• [Problem to work on]:
From the data that follows, set down exactly the lines from the one with "A sterling silver" through the one with "Overweight boy with", counting both. Pictures stay out.

• [Data shown]:
=== Section Start ===

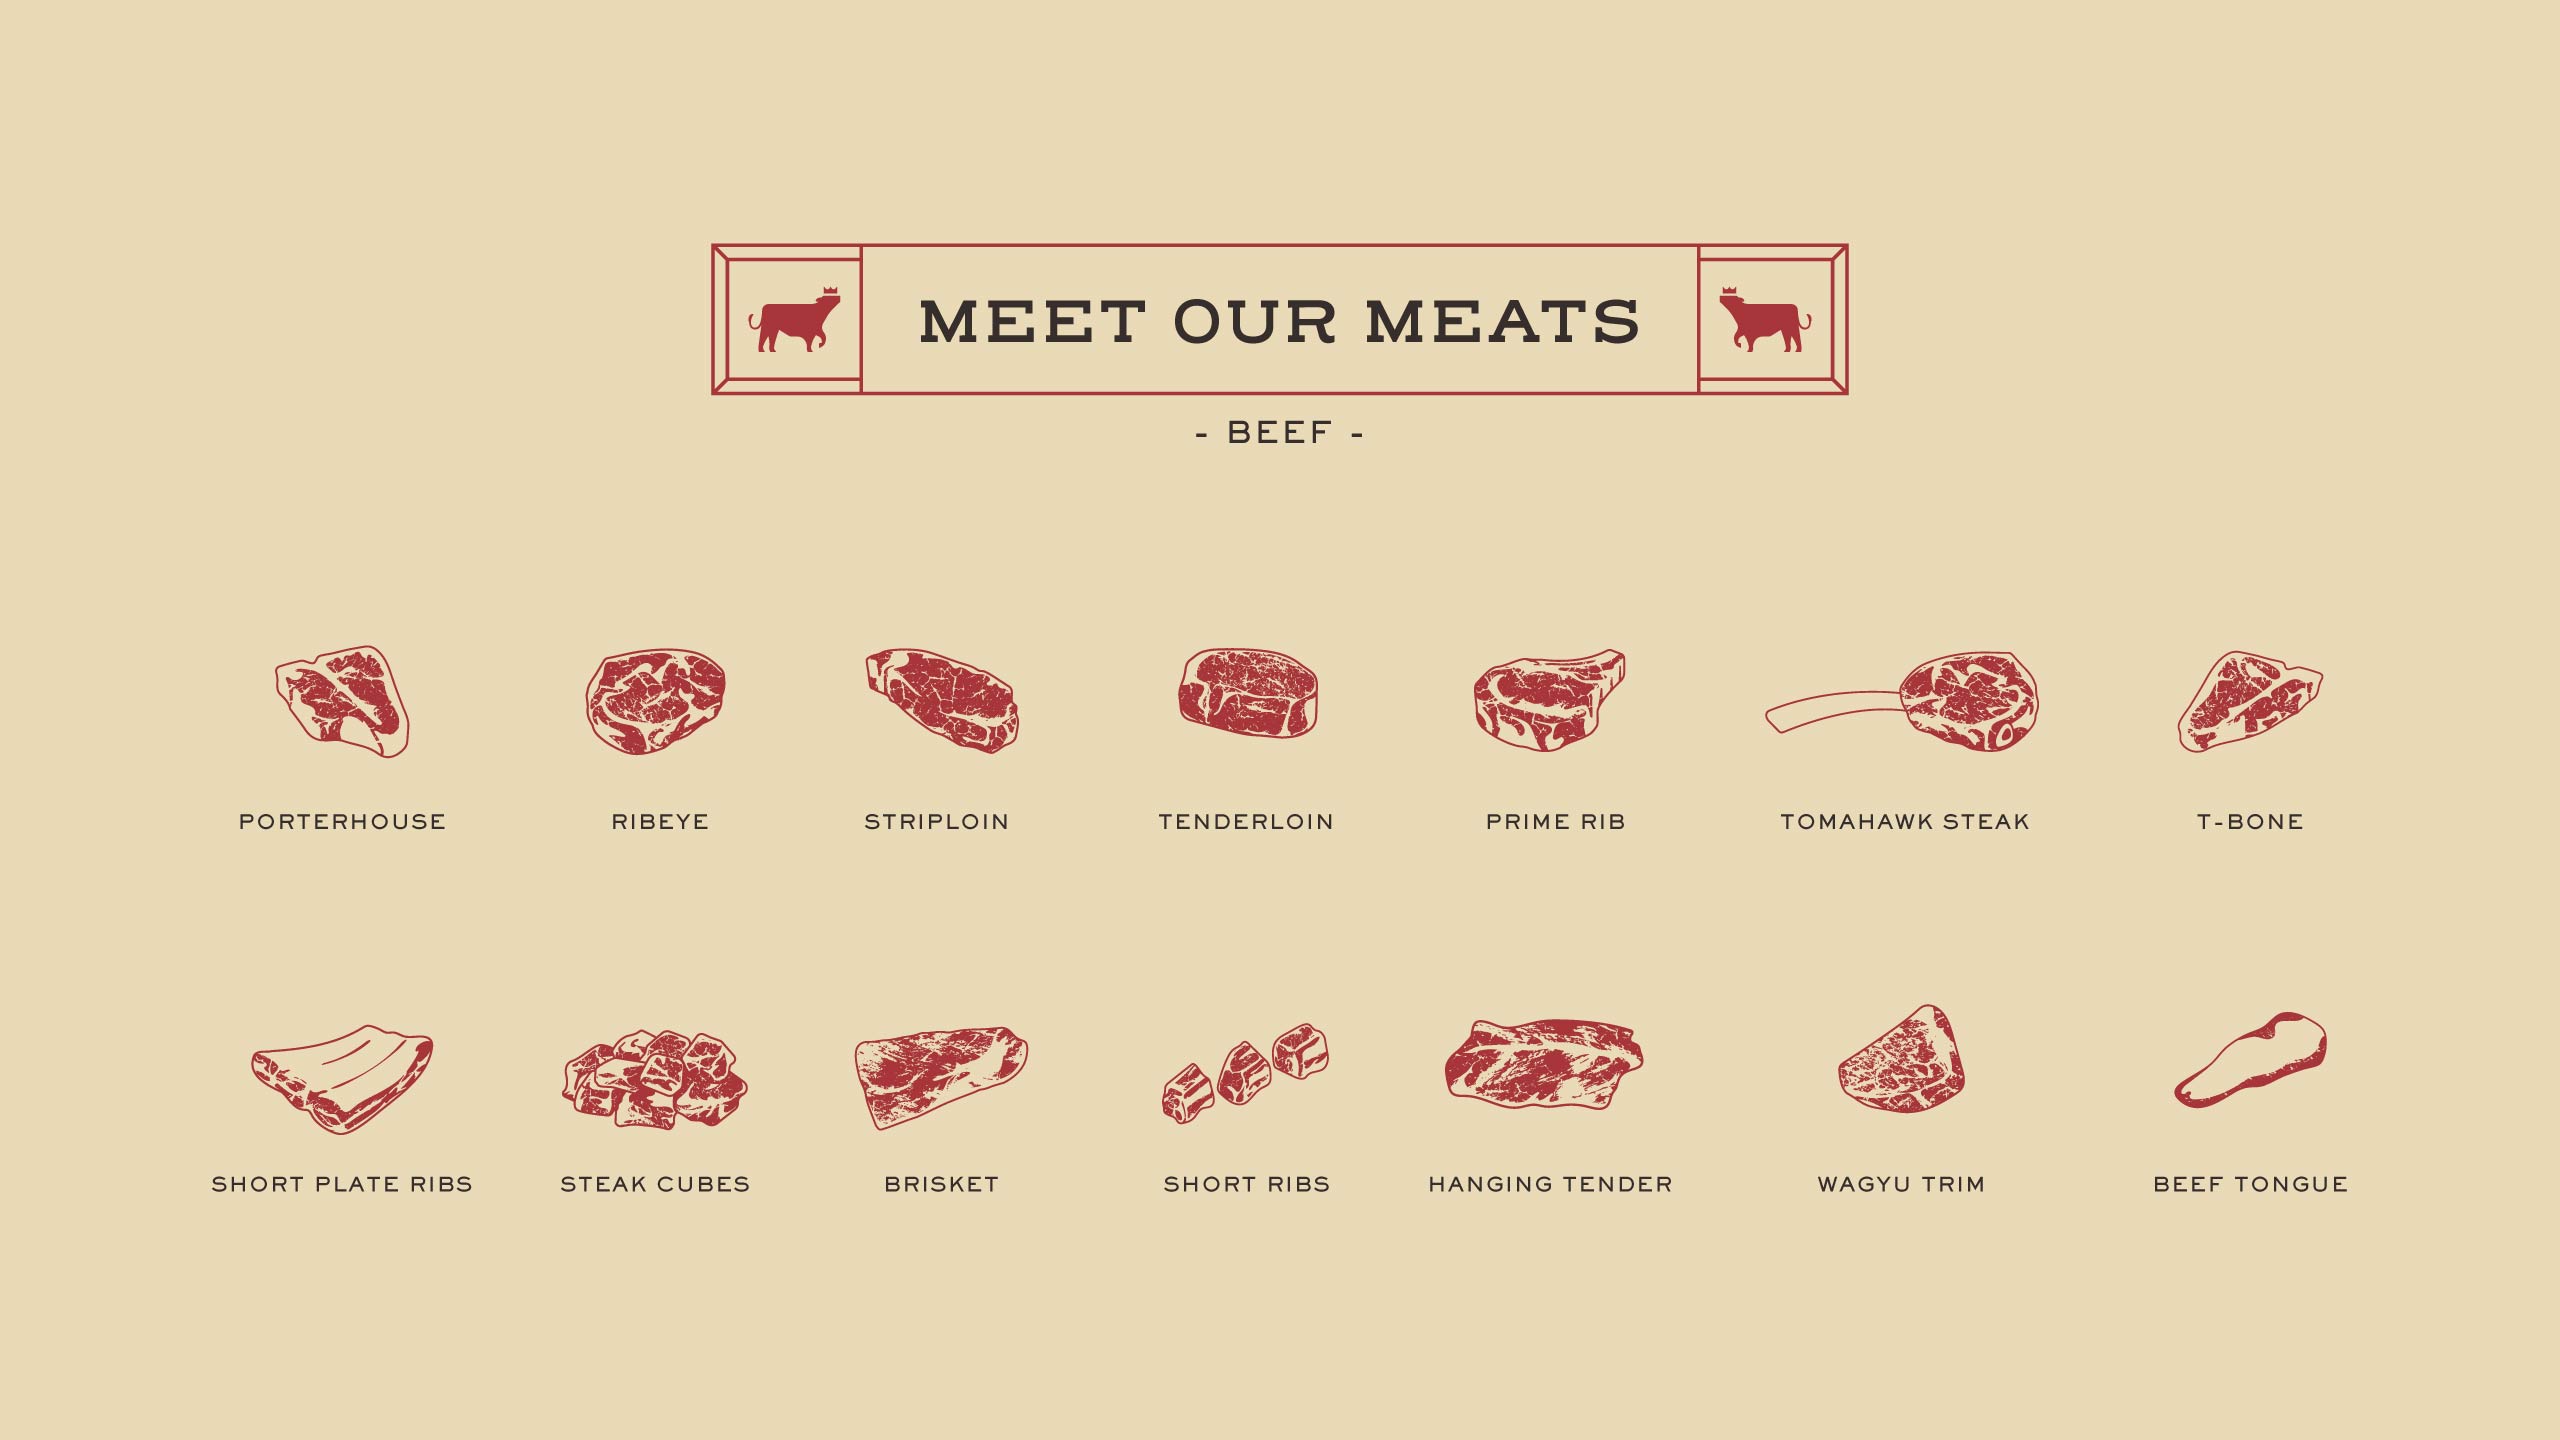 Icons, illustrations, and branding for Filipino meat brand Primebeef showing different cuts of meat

=== Section End ===
=== Section Start ===

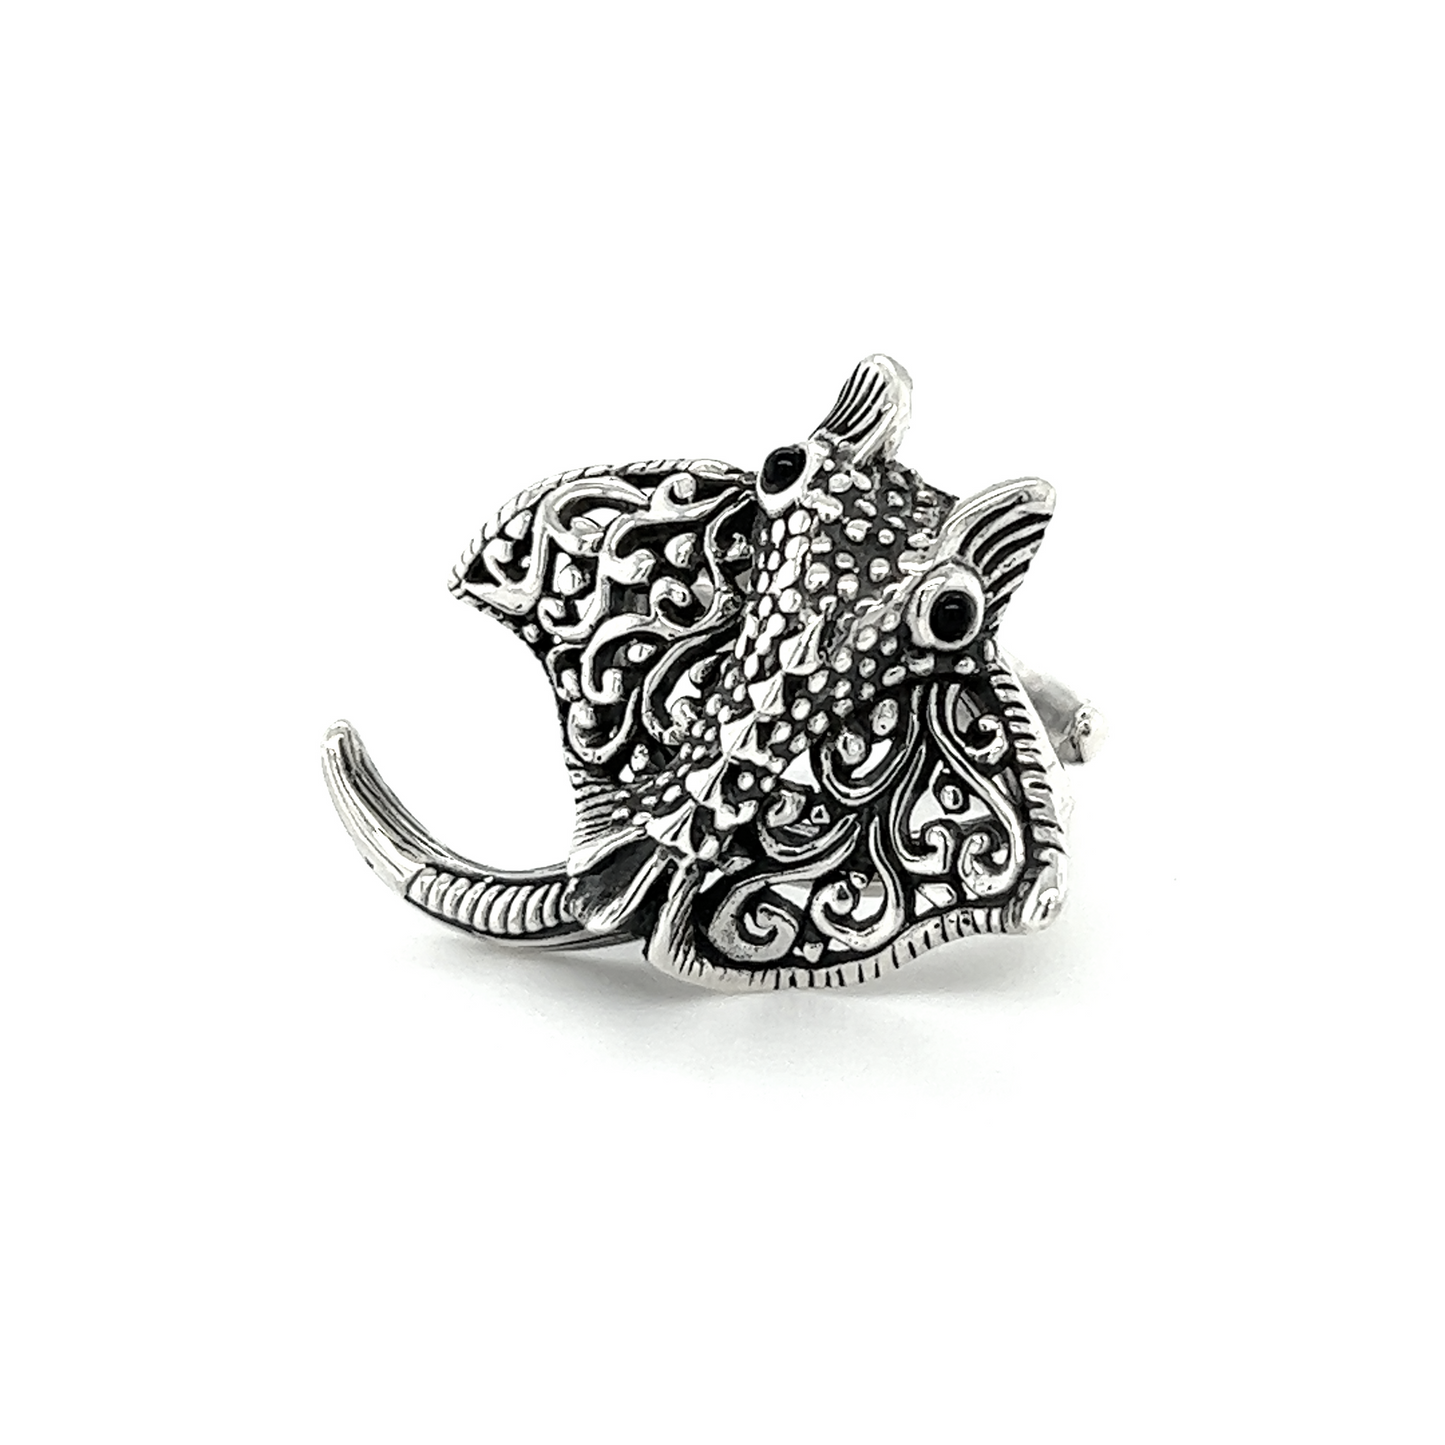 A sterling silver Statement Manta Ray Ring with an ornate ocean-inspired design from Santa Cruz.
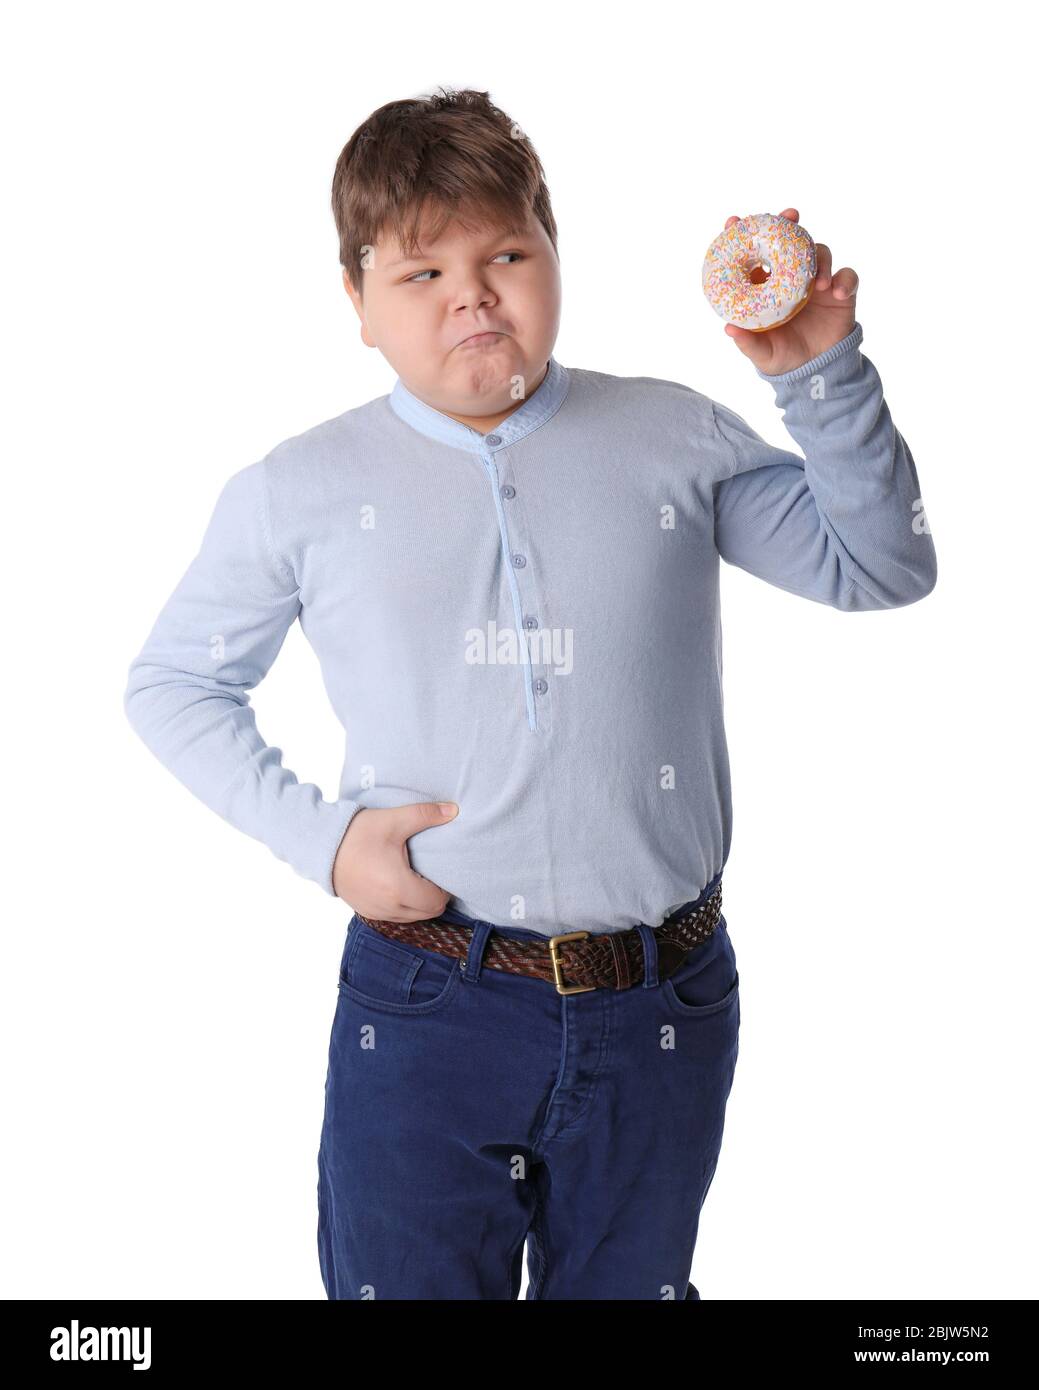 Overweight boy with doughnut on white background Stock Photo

=== Section End ===

• [Task output]:
 A sterling silver Statement Manta Ray Ring with an ornate ocean-inspired design from Santa Cruz.
 Overweight boy with doughnut on white background Stock Photo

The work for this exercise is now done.